One notable thing about xarray is you can have a xa_for_each() iterate
over nothing and also have xa_empty() be false. Maybe that is
happening here, but I could not find any way that should happen.

I guess just keep watching this and see if it happens ever again. Add
some debugging to print out the xarray.
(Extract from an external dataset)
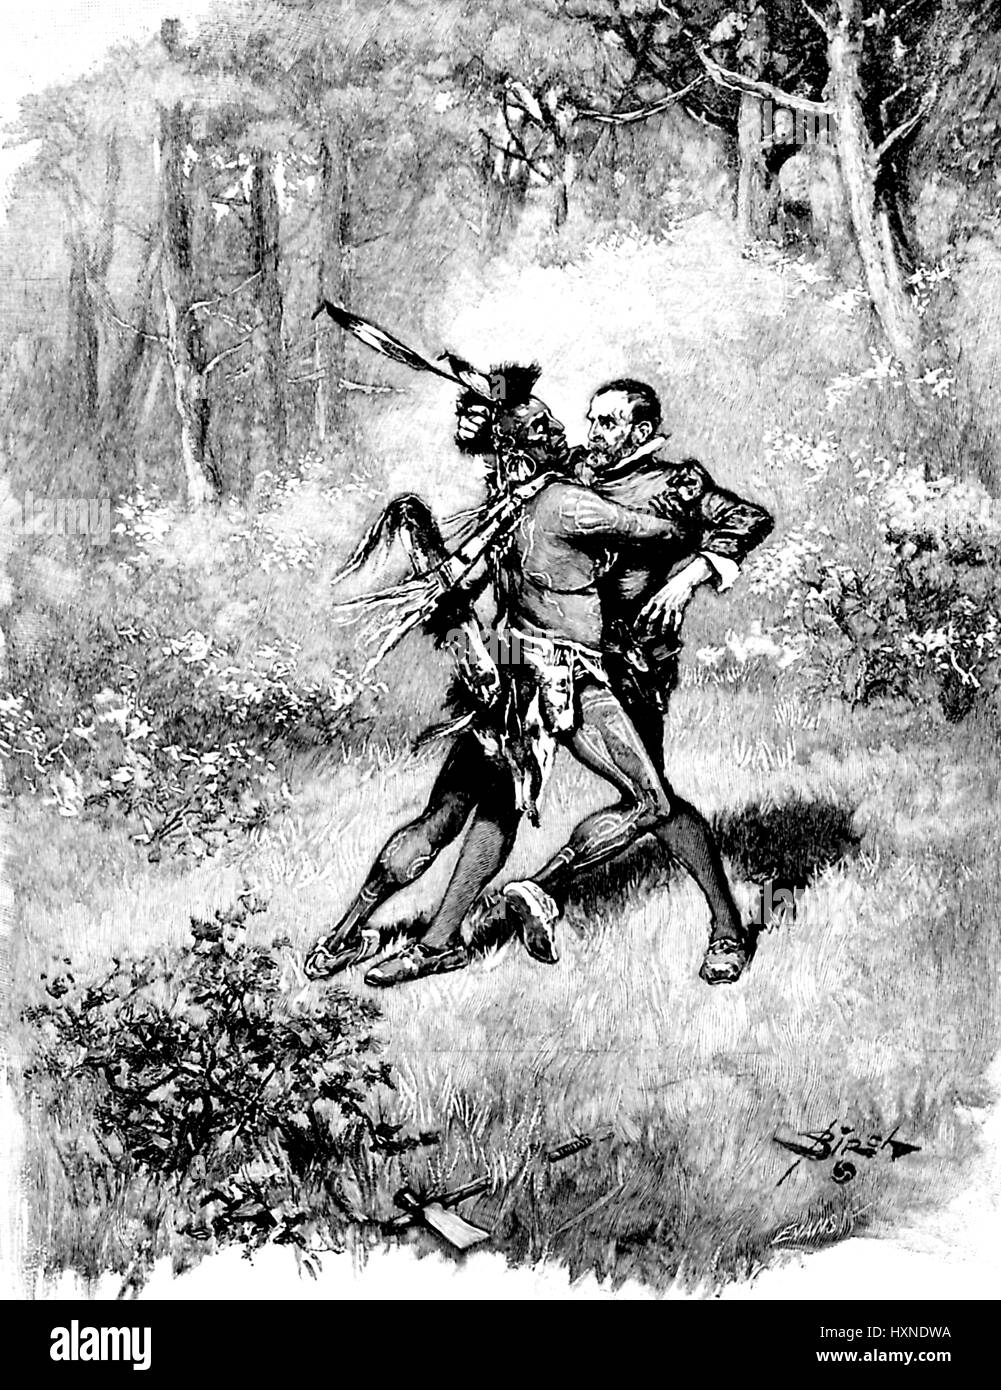 Abbildung von einem indianischen Mann mit einer Feder Kopfschmuck und traditionellen Kleid Angriff überraschte koloniale amerikanische Siedler in einem Waldgebiet, ursprünglich unter dem Titel The Native und der Einwanderer, 1896. Stockfoto

Maybe the way we are using
xarray is unexpectedly triggering a stray 0 entry?

Jason

diff --git a/drivers/infiniband/core/device.c b/drivers/infiniband/core/device.c
index 4c174f7f1070cb..592e29b0cccf39 100644
--- a/drivers/infiniband/core/device.c
+++ b/drivers/infiniband/core/device.c
@@ -1020,6 +1020,71 @@ static void remove_compat_devs(struct ib_device *device)
 
 	xa_for_each (&device->compat_devs, index, cdev)
 		remove_one_compat_dev(device, index);
+
+	if (!xa_empty(&device->compat_devs)) {
+		struct xa_node *node;
+		void *head;
+		unsigned int i;
+
+		dev_warn(&device->dev,
+			 "compat_devs xarray not empty after removal!\n");
+
+		xa_lock(&device->compat_devs);
+		head = xa_head_locked(&device->compat_devs);
+		dev_warn(&device->dev, "  xa_head=%px xa_flags=%x\n",
+			 head, device->compat_devs.xa_flags);
+
+		if (!xa_is_node(head)) {
+			/* Single entry at index 0 stored directly in head */
+			if (xa_is_zero(head))
+				dev_warn(&device->dev,
+					 "  head[0]: zero entry (leaked xa_reserve)\n");
+			else if (!xa_is_internal(head))
+				dev_warn(&device->dev,
+					 "  head[0]: pointer %px\n", head);
+			else
+				dev_warn(&device->dev,
+					 "  head[0]: internal %px (%lu)\n",
+					 head, xa_to_internal(head));
+		} else {
+			node = xa_to_node(head);
+			dev_warn(&device->dev,
+				 "  node %px shift %d count %d nr_values %d\n",
+				 node, node->shift, node->count,
+				 node->nr_values);
+			for (i = 0; i < XA_CHUNK_SIZE; i++) {
+				void *entry = xa_entry_locked(
+					&device->compat_devs, node, i);
+
+				if (!entry)
+					continue;
+				if (xa_is_zero(entry))
+					dev_warn(&device->dev,
+						 "  slot[%u]: zero entry (leaked xa_reserve)\n",
+						 i);
+				else if (xa_is_sibling(entry))
+					dev_warn(&device->dev,
+						 "  slot[%u]: sibling -> slot %lu\n",
+						 i, xa_to_sibling(entry));
+				else if (xa_is_retry(entry))
+					dev_warn(&device->dev,
+						 "  slot[%u]: retry\n", i);
+				else if (xa_is_node(entry))
+					dev_warn(&device->dev,
+						 "  slot[%u]: node %px (deeper tree)\n",
+						 i, xa_to_node(entry));
+				else if (!xa_is_internal(entry))
+					dev_warn(&device->dev,
+						 "  slot[%u]: pointer %px\n",
+						 i, entry);
+				else
+					dev_warn(&device->dev,
+						 "  slot[%u]: unknown internal %px\n",
+						 i, entry);
+			}
+		}
+		xa_unlock(&device->compat_devs);
+	}
 }
 
 static int add_compat_devs(struct ib_device *device)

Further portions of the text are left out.